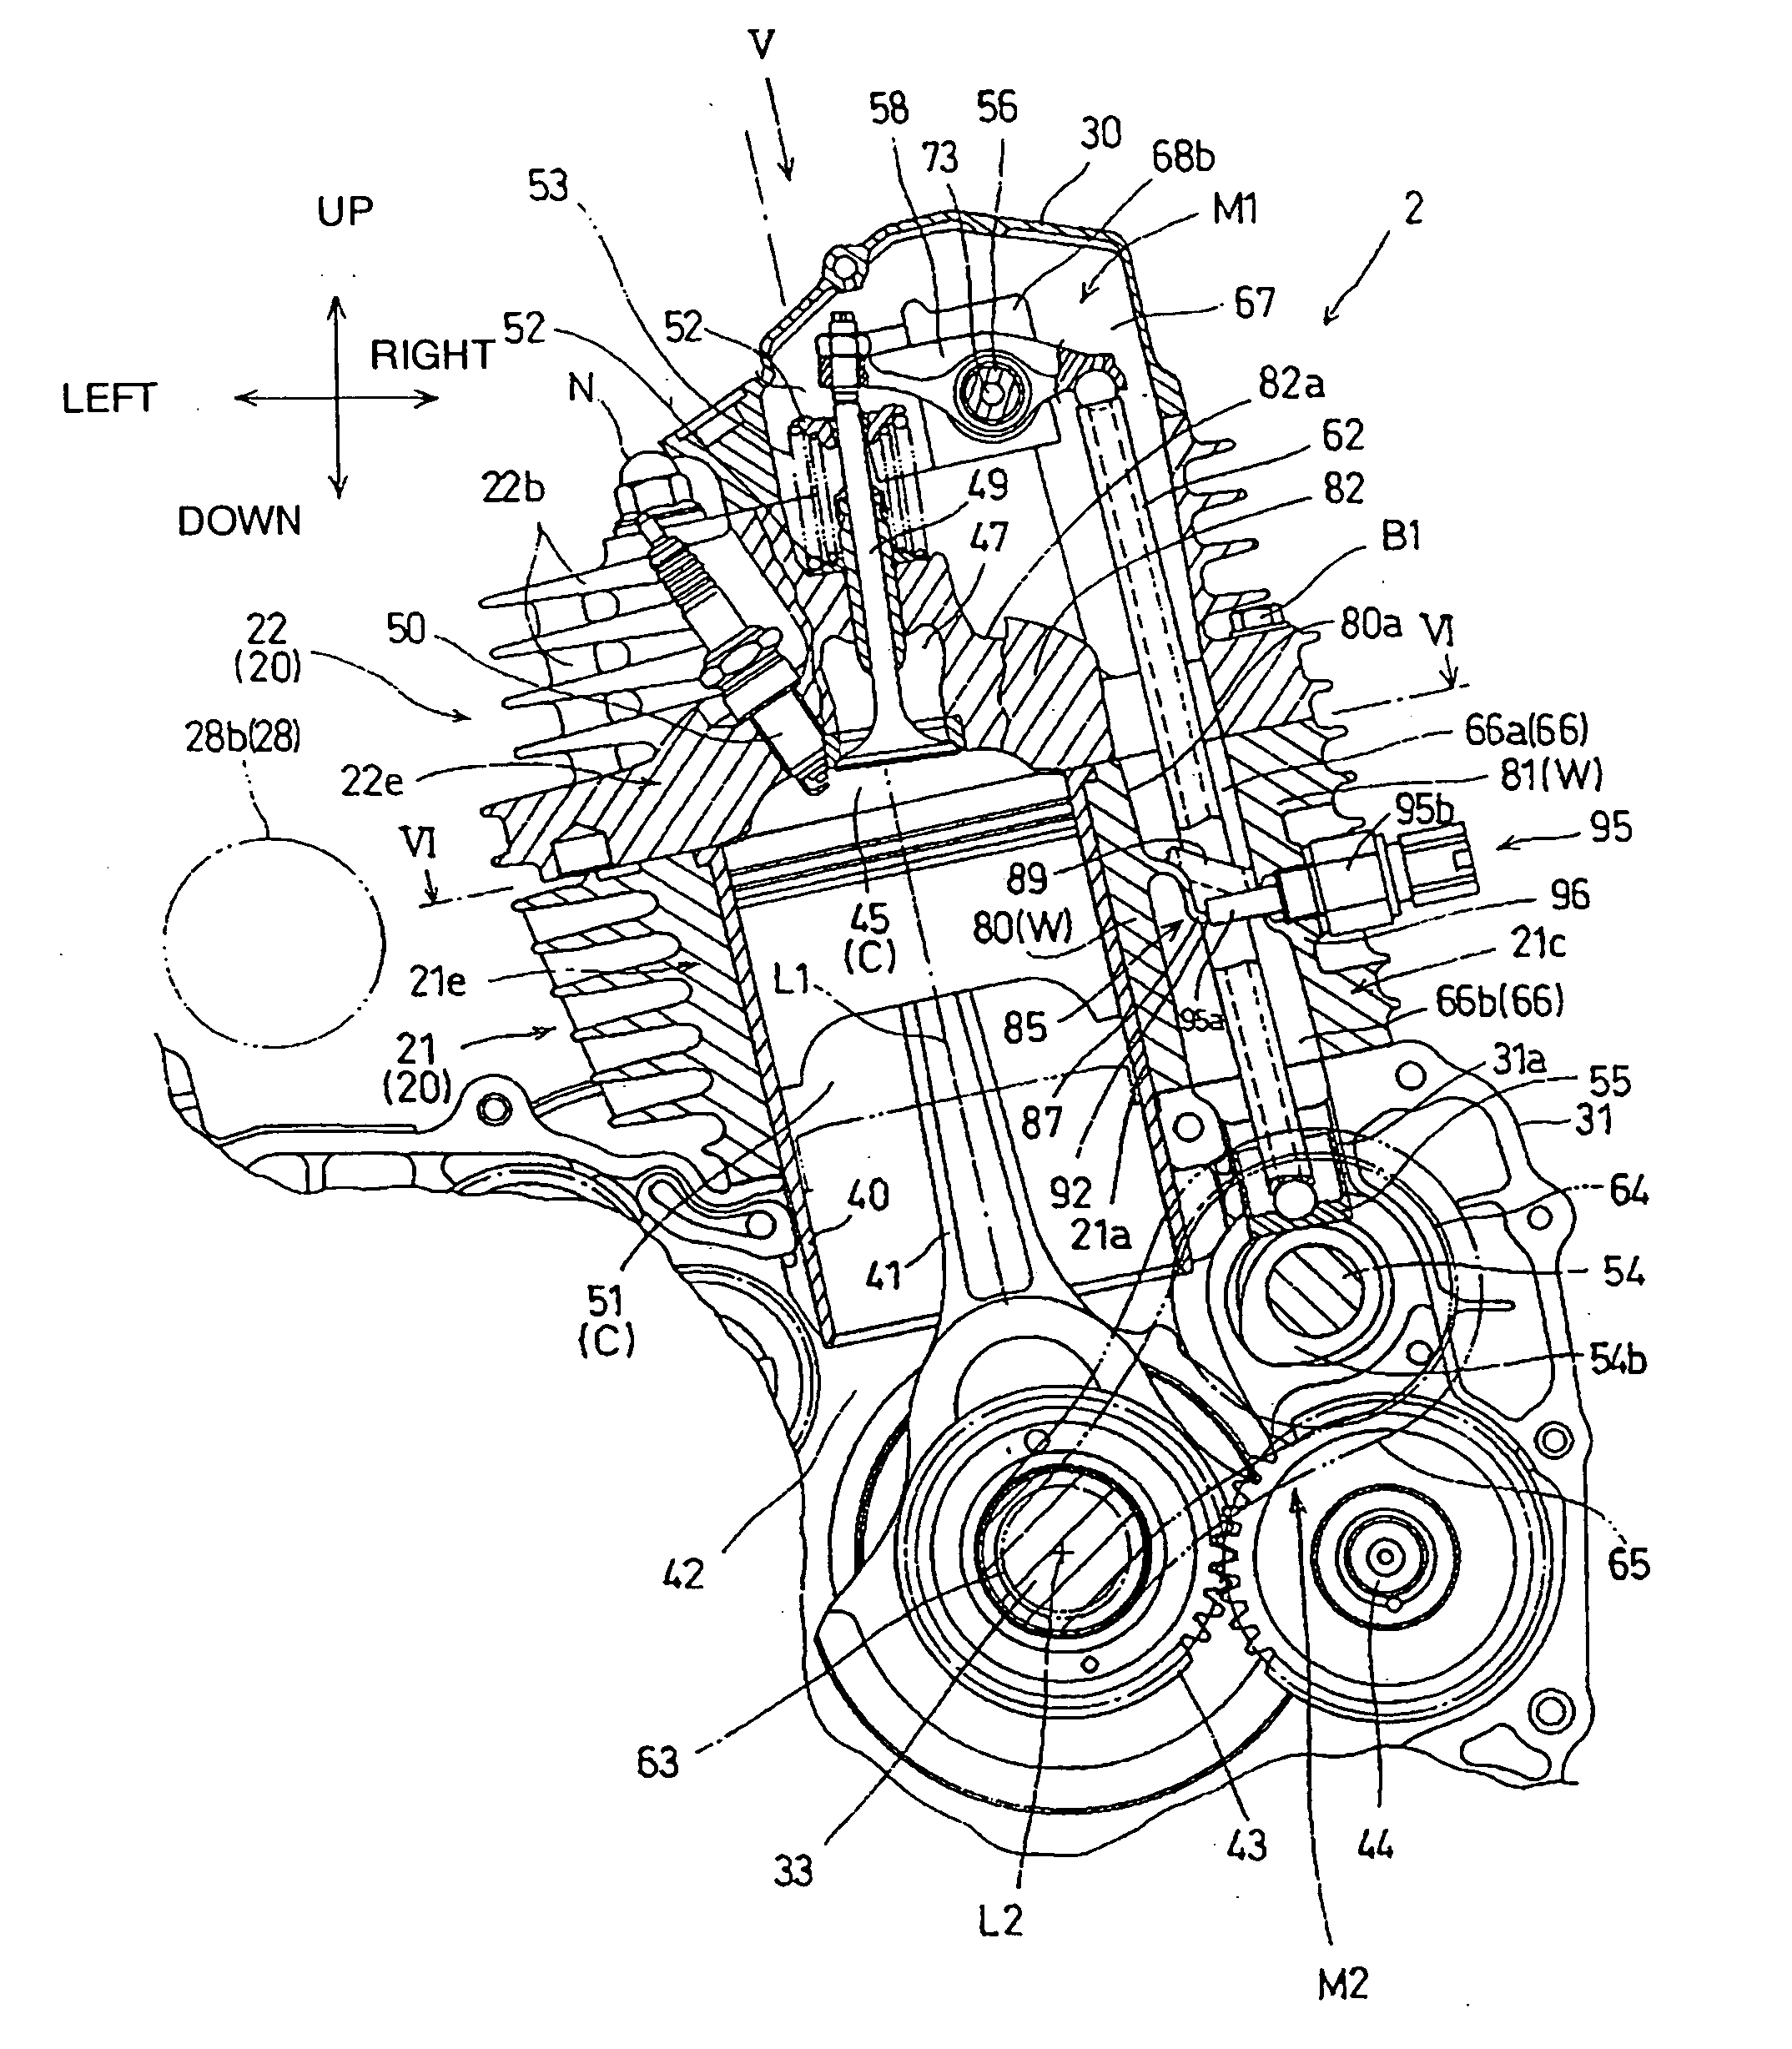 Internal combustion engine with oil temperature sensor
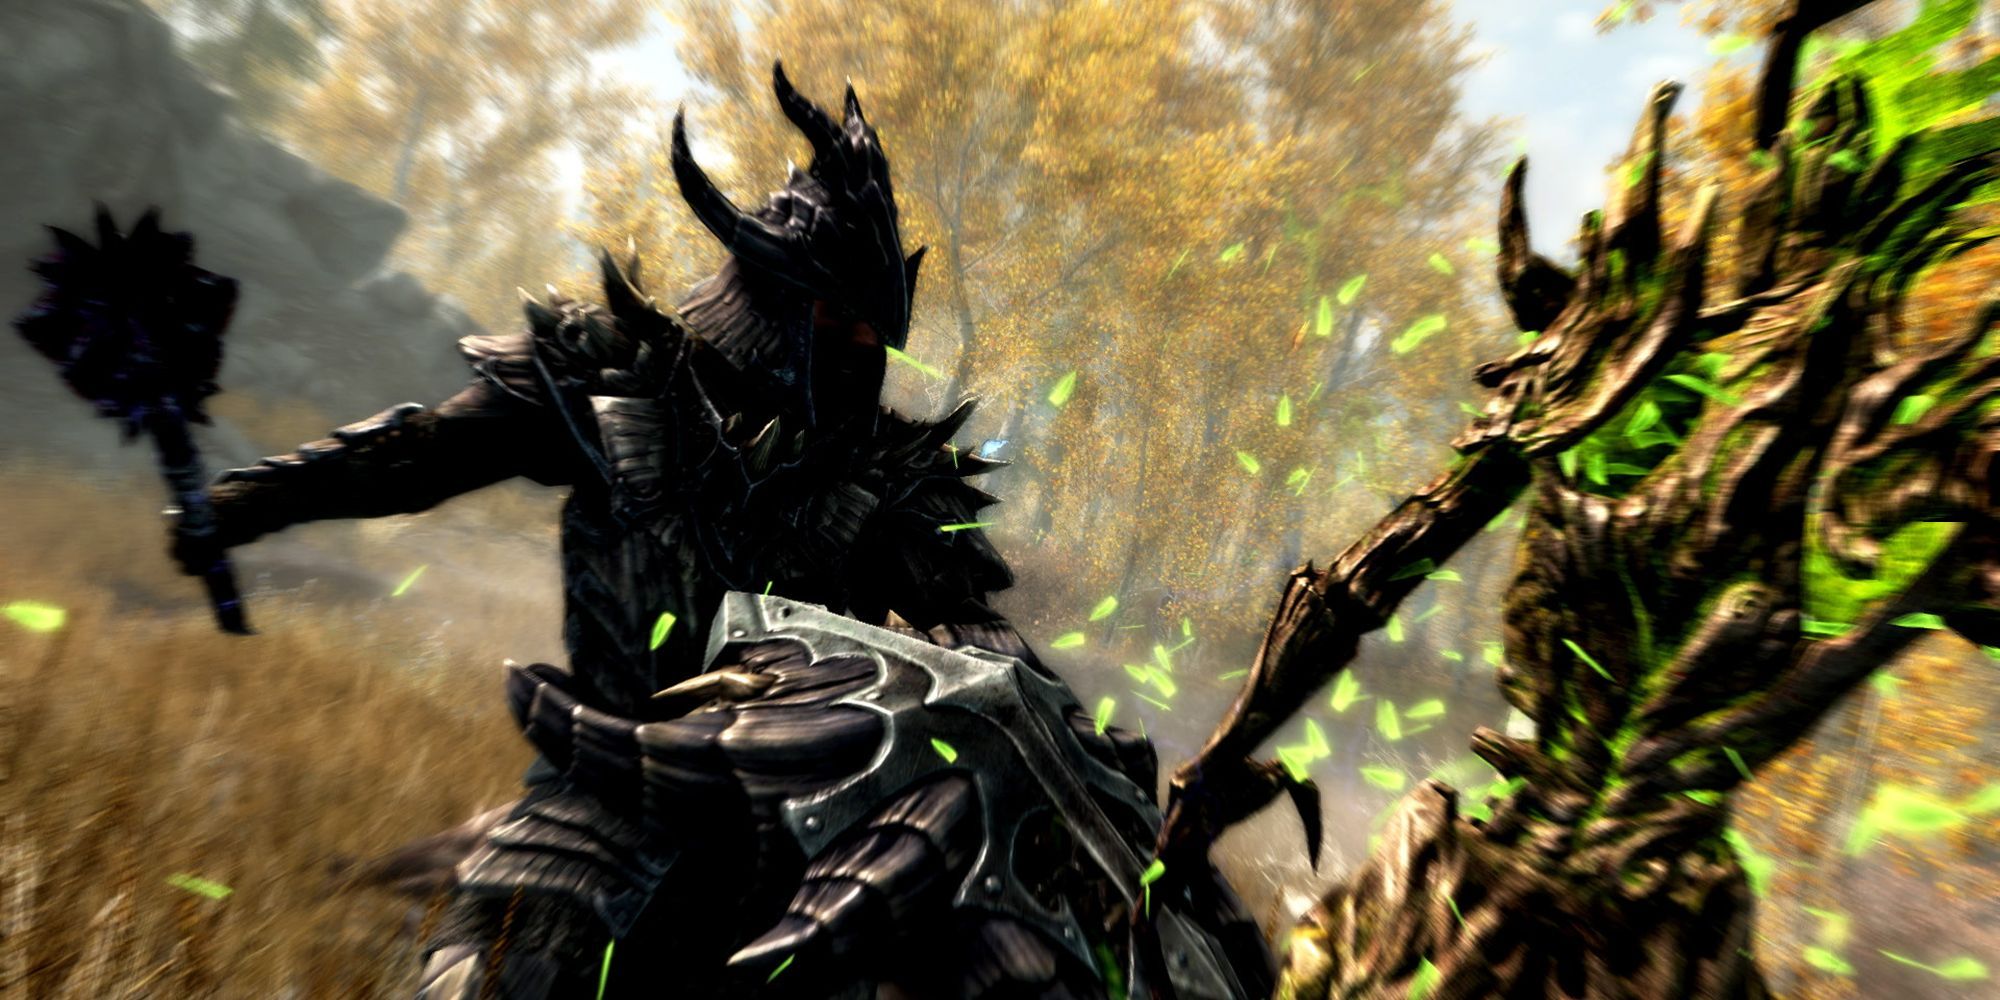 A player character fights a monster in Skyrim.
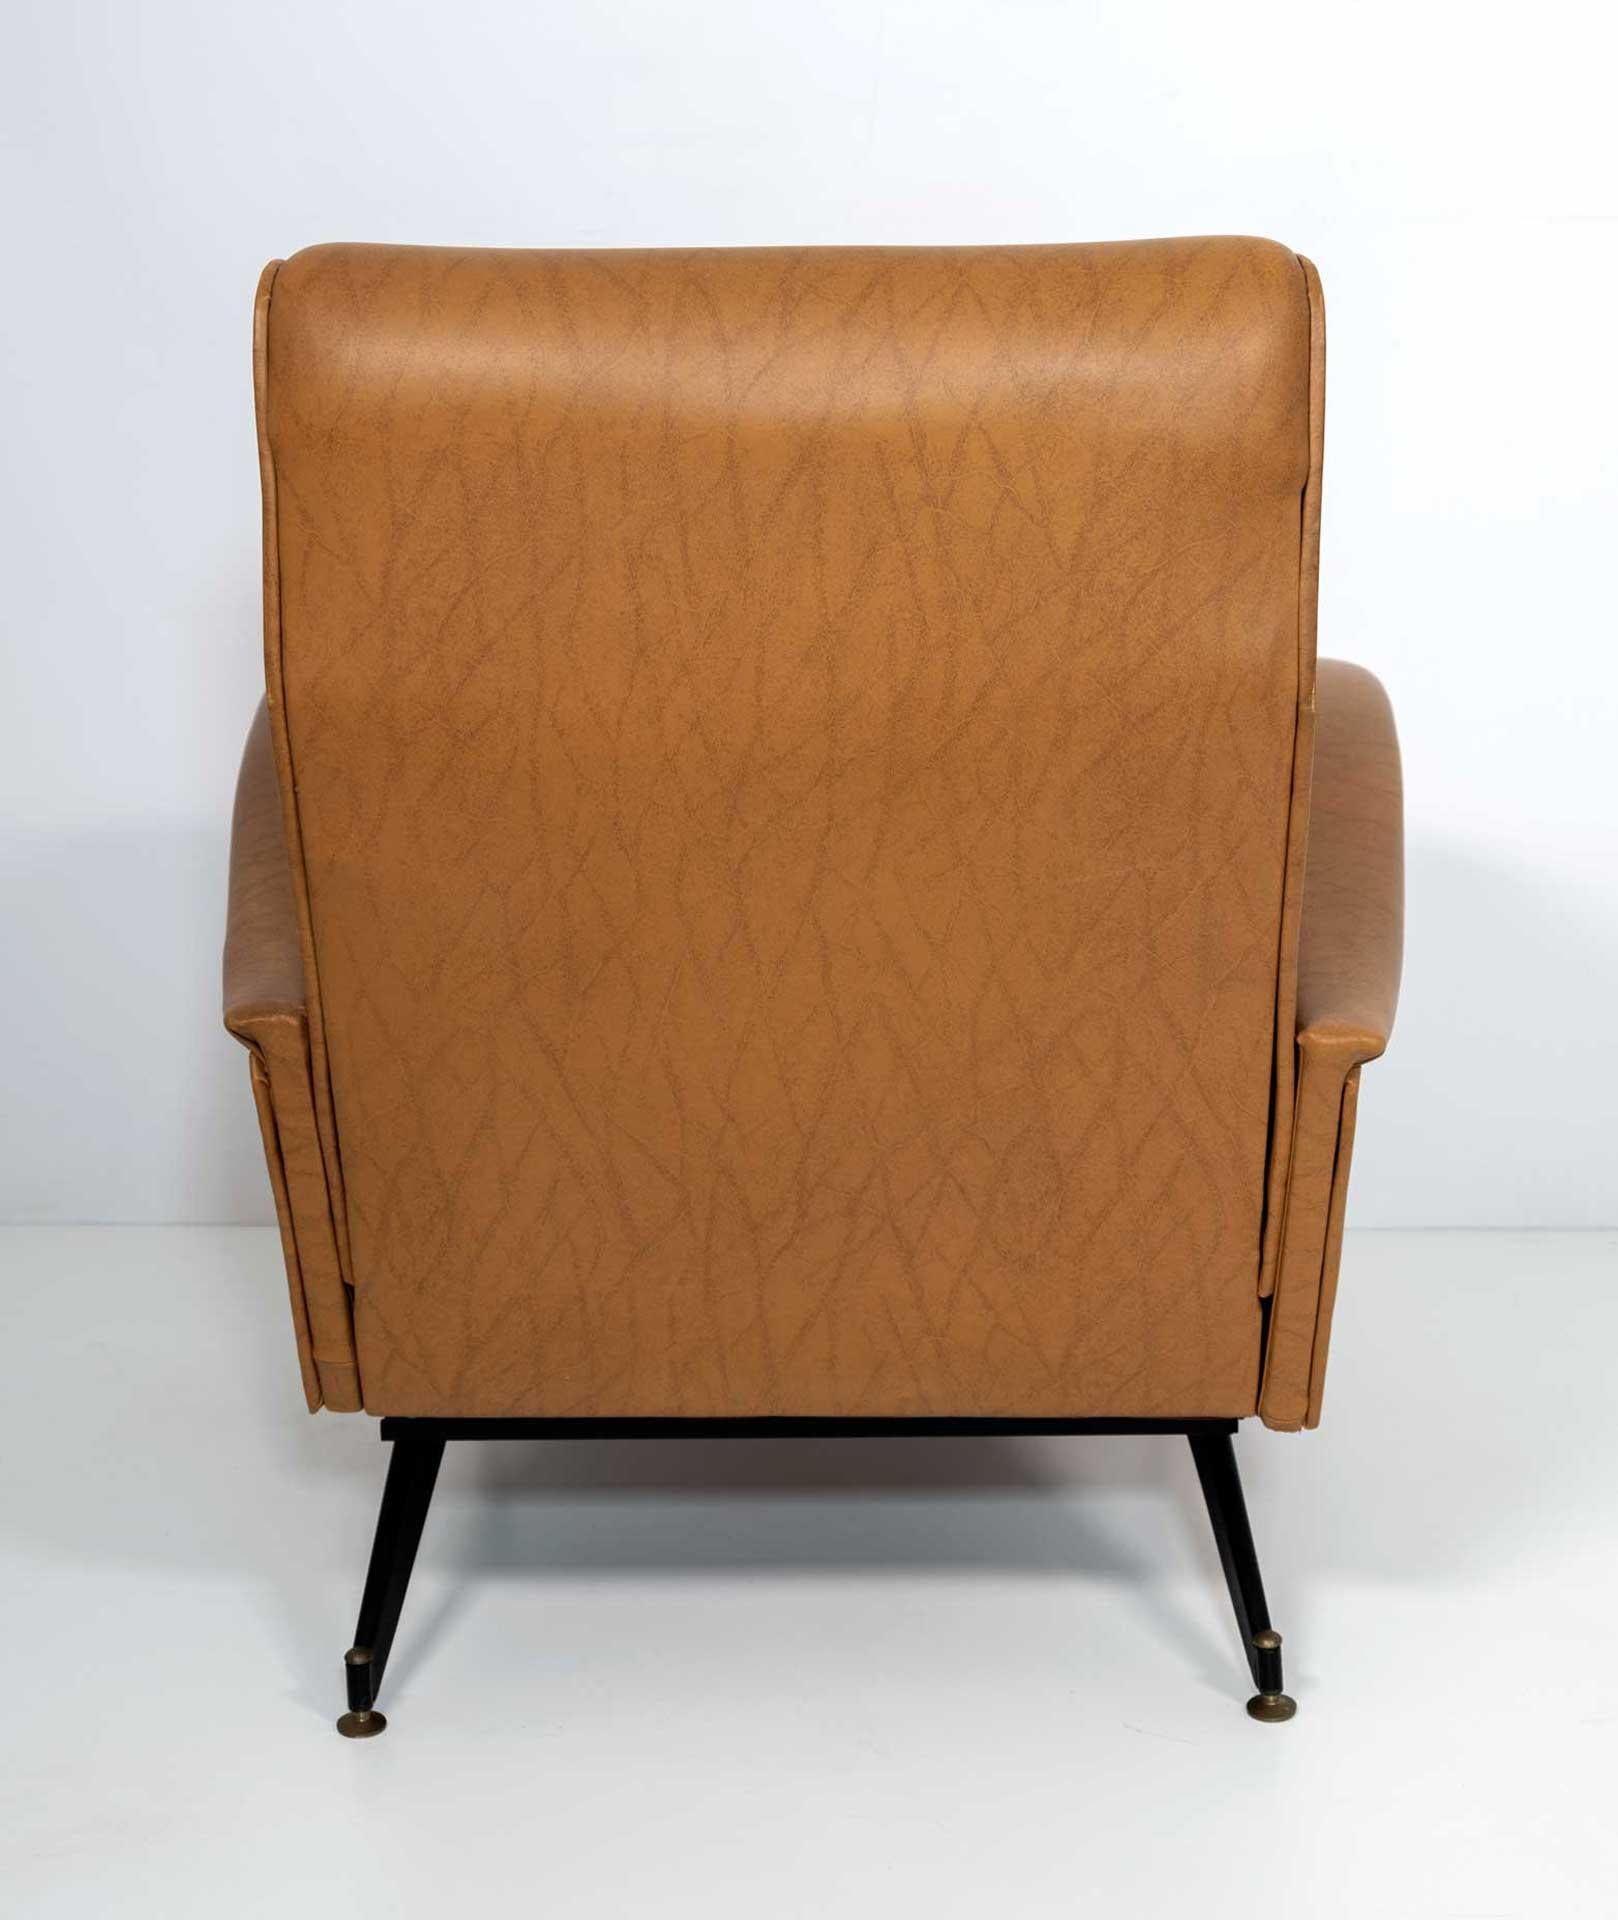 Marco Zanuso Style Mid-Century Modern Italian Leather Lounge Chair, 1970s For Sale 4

= = = =

- REQUIRED ACTION -
The answer should contain all the material above, copied exactly, and no images.

- WORKED SOLUTION -
 Internal combustion engine with oil temperature sensor
 A player character fights a monster in Skyrim.
 Marco Zanuso Style Mid-Century Modern Italian Leather Lounge Chair, 1970s For Sale 4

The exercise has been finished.